WHAT TO WORK ON —
Retype the listing exactly as it stands, and keep every image out.

DATA SHOWN —

__________________________________________________

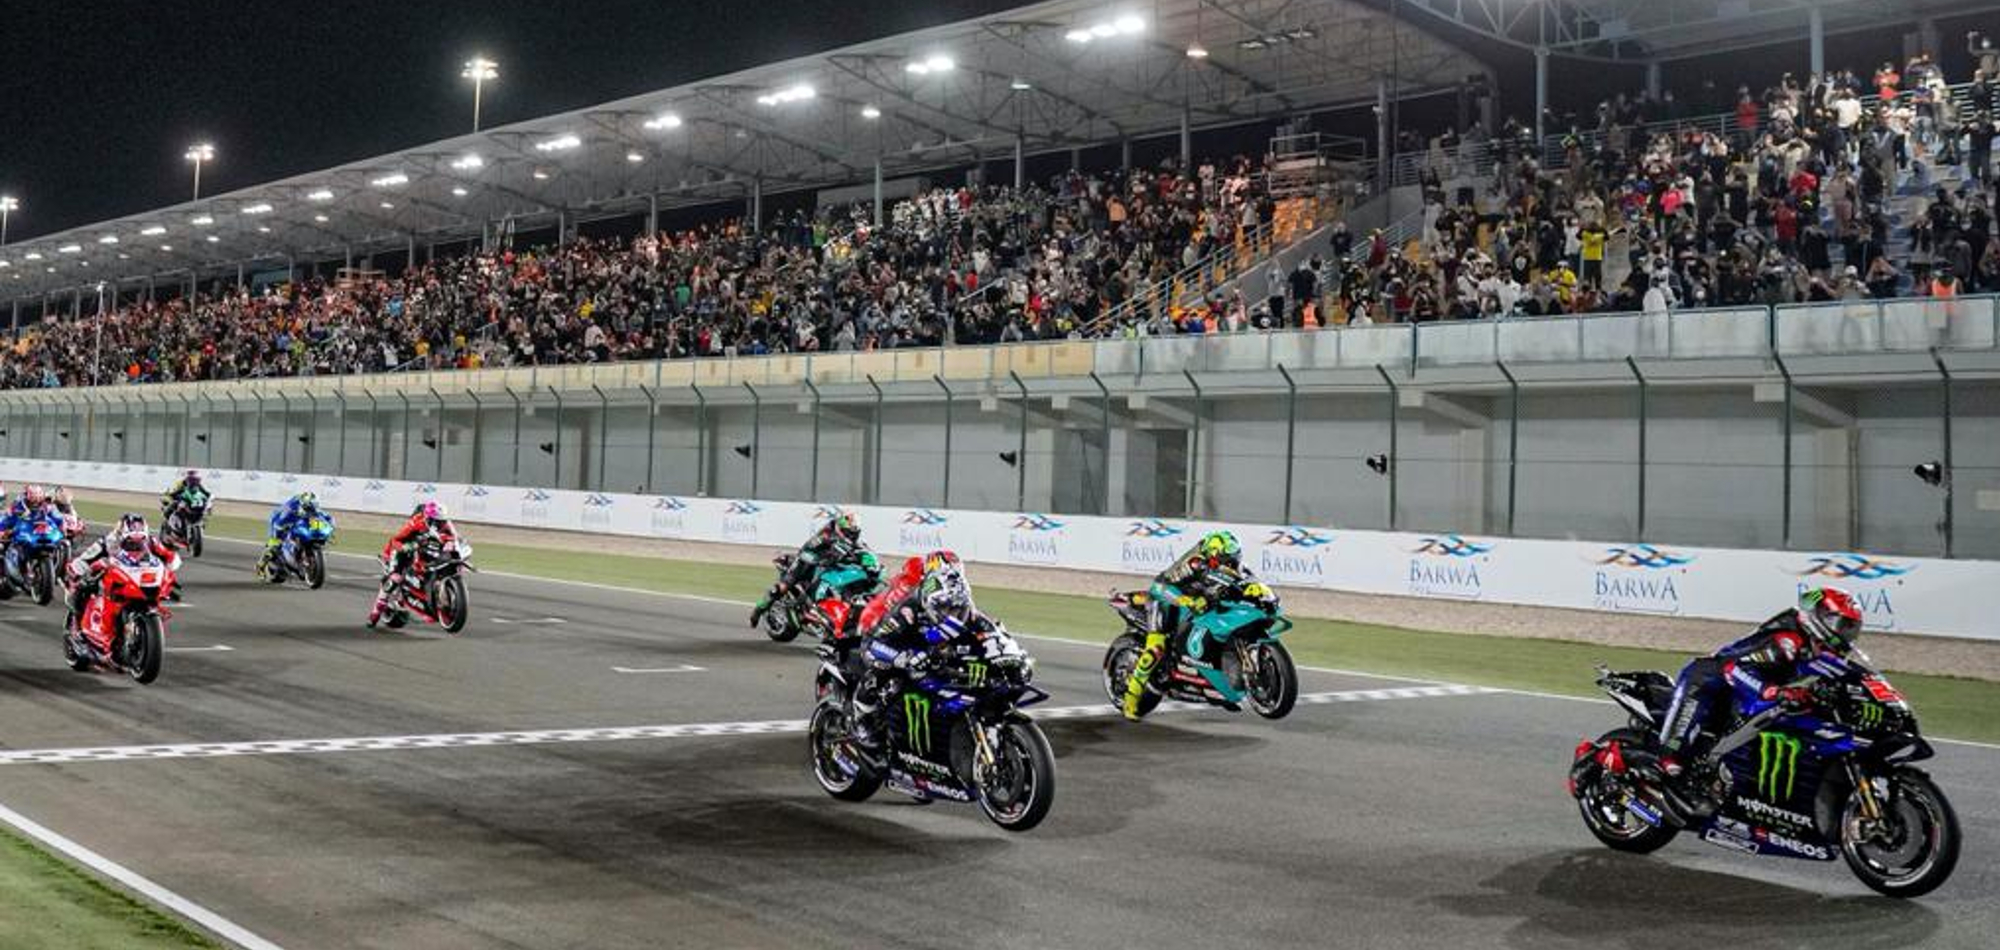 MotoGP: Qatar set to host season opener
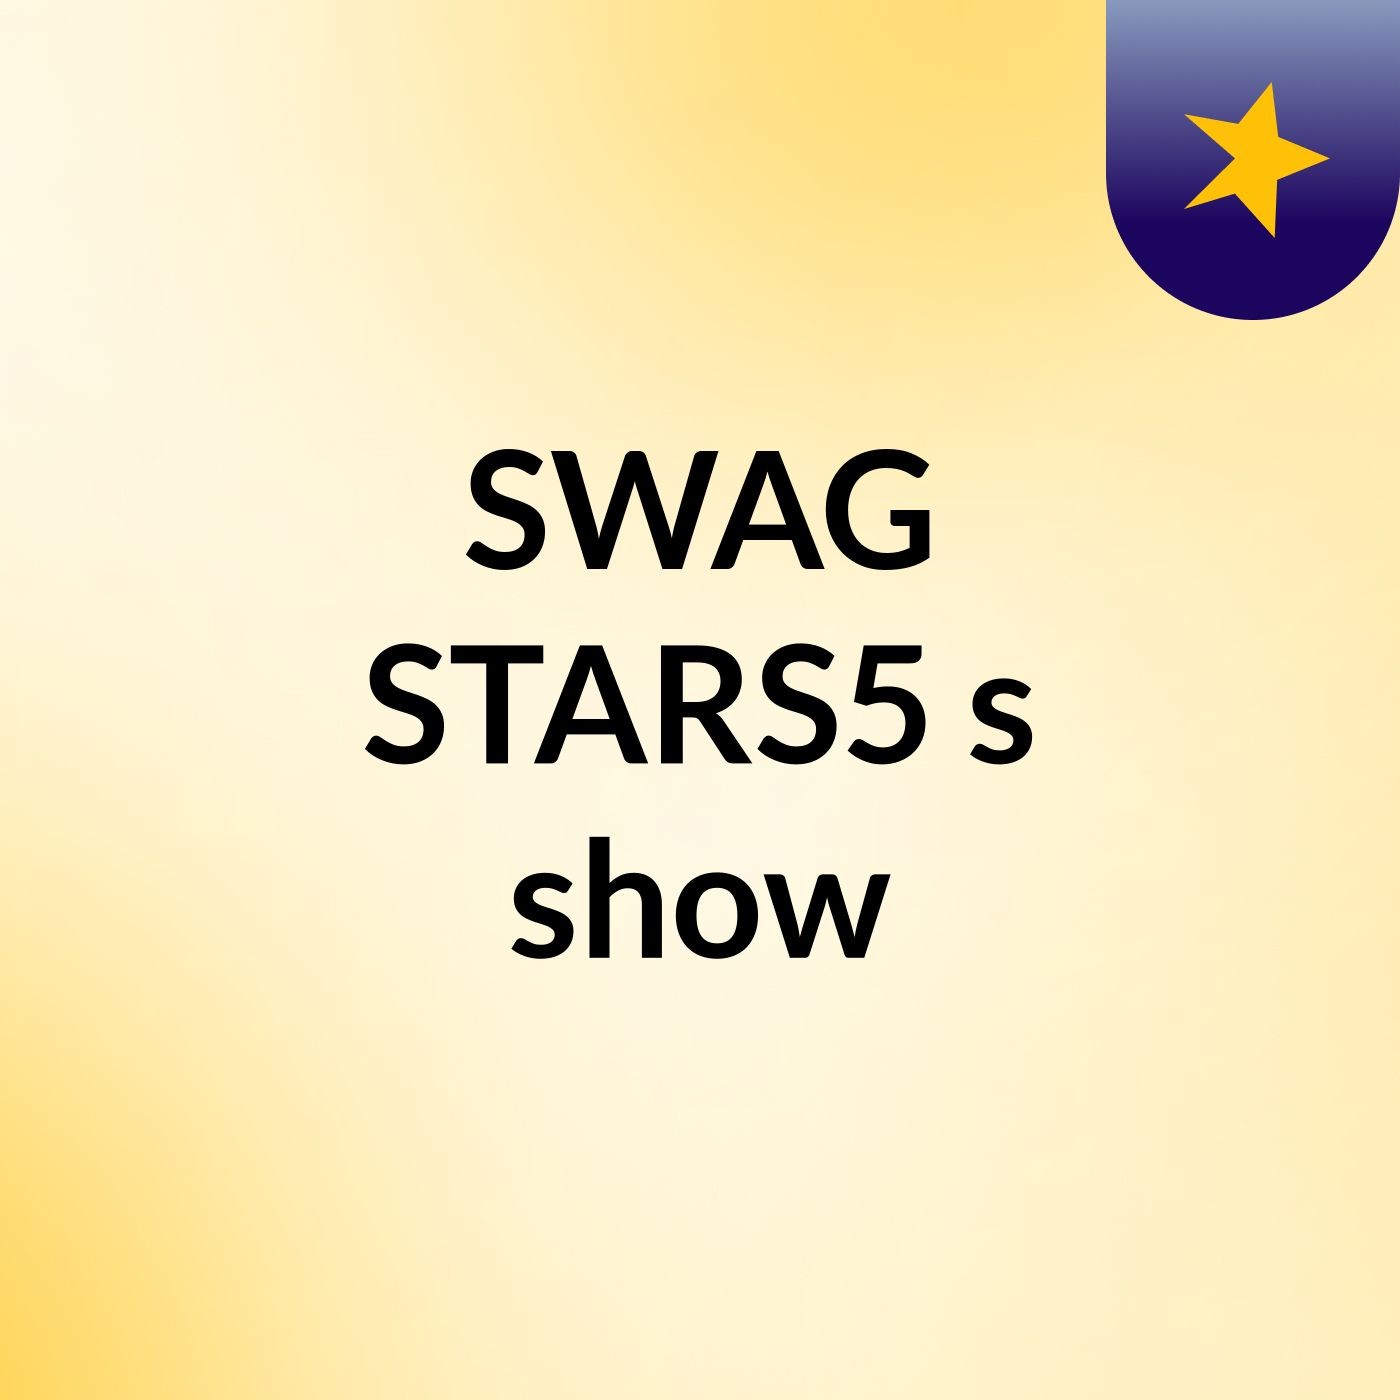 SWAG STARS5's show
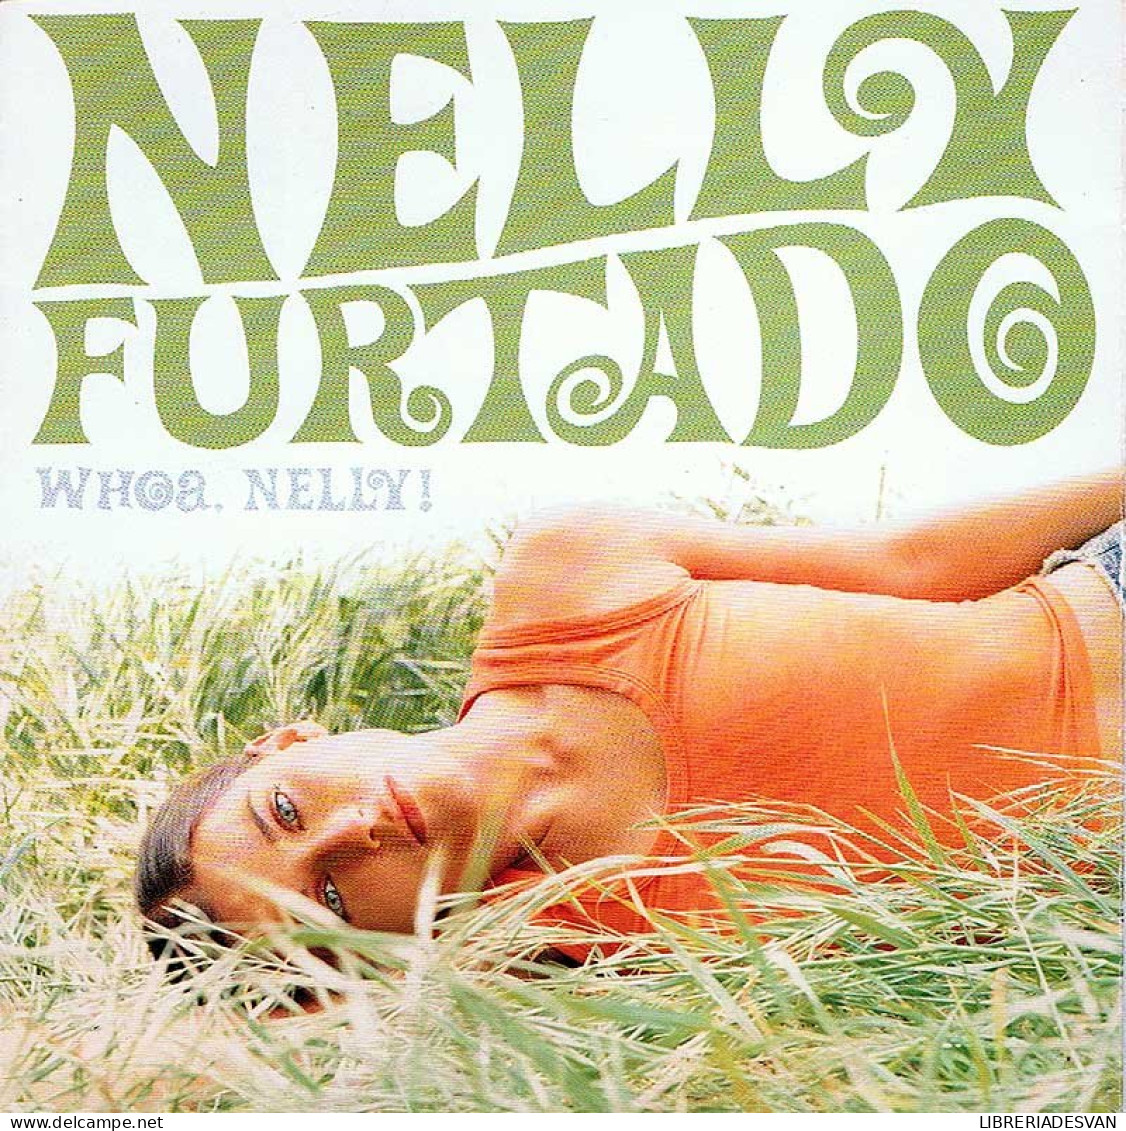 Nelly Furtado - Whoa, Nelly!. CD - Disco, Pop

__________________________________________________

ANSWER AREA —
 MotoGP: Qatar set to host season opener
 SWAG STARS5's show
 Nelly Furtado - Whoa, Nelly!. CD - Disco, Pop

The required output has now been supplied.